====== GPU Computing ======

===== SLURM partition =====

The GPUs are accessible through compute nodes in the ''gpu'' SLURM partition.
You can send a script to this queue using a command like ''sbatch -p gpu myscript.sh''.


===== Hardware =====

The gpu computing node has two K20 GPUs:
<code>
$ srun -p gpu lspci | grep -i nvidia
05:00.0 3D controller: NVIDIA Corporation Device 1028 (rev a1)
42:00.0 3D controller: NVIDIA Corporation Device 1028 (rev a1)
</code>


===== Directory structure =====

The development tools for GPU computing, including libraries and compilers,
have been installed in ''/usr/local/cuda-5.0/''.
Of particular interest could be ''nvcc'' in ''/usr/local/cuda-5.0/bin/''
and the shared object files such as ''libcudart.so'' and ''libcurand.so'' in ''/usr/local/cuda-5.0/lib64/''.
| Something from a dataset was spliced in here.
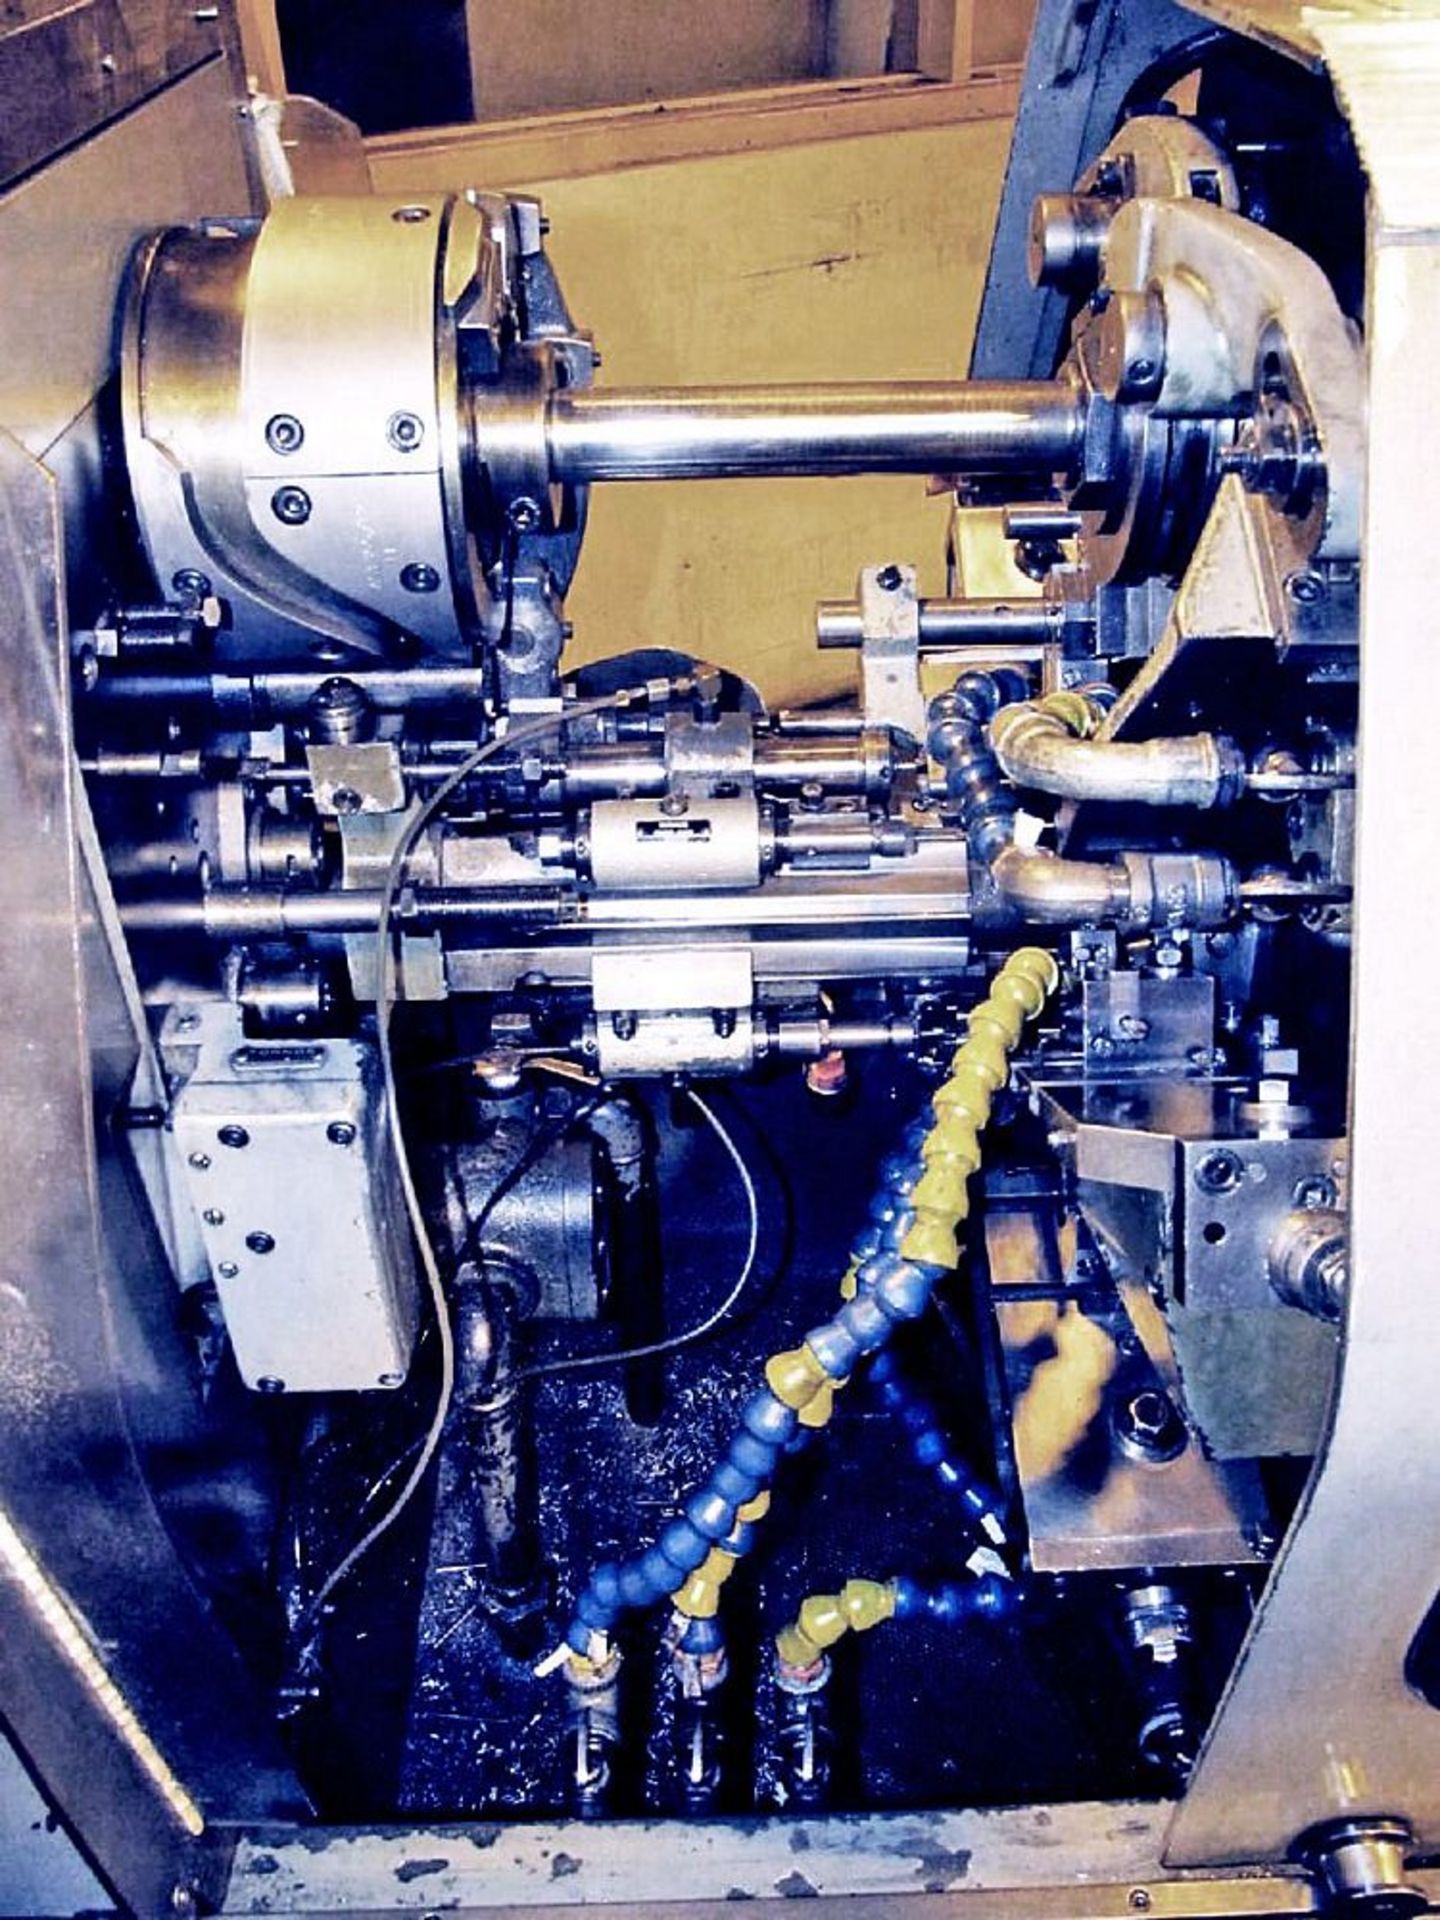 Tornos Model AS14 6-Spindle Automatic Screw Machine - Image 5 of 5

===== Hardware-specific nvcc build options =====

Because we are using K20 GPUs, you will want to tell the ''nvcc'' compiler that we can use their modern features such as double precision floating point arithmetic.  To do this, use %%-arch sm_35%% to specify the 'compute capability' of 3.5.  Other options that you will probably want to use for scientific computing are %%--prec-div=true%% and %%--prec-sqrt=true%%.  For more information see the [[http://docs.nvidia.com/cuda/cuda-compiler-driver-nvcc#nvcc-command-options|nvcc options page]].


===== Headless GPGPU profiling =====

The NVIDIA Visual Profiler [[https://developer.nvidia.com/nvidia-visual-profiler|nvvp]] (packaged as ''nvidia-visual-profiler'' for Ubuntu) is a cross-platform way to profile GPGPU applications, but this is less useful when we can run the applications only on the command line through the SLURM resource manager.  In this case we can use [[http://docs.nvidia.com/cuda/profiler-users-guide/index.html#nvprof-overview|nvprof]] (packaged as ''nvidia-profiler'') to get a log file which can be downloaded and viewed on a desktop using ''nvvp''.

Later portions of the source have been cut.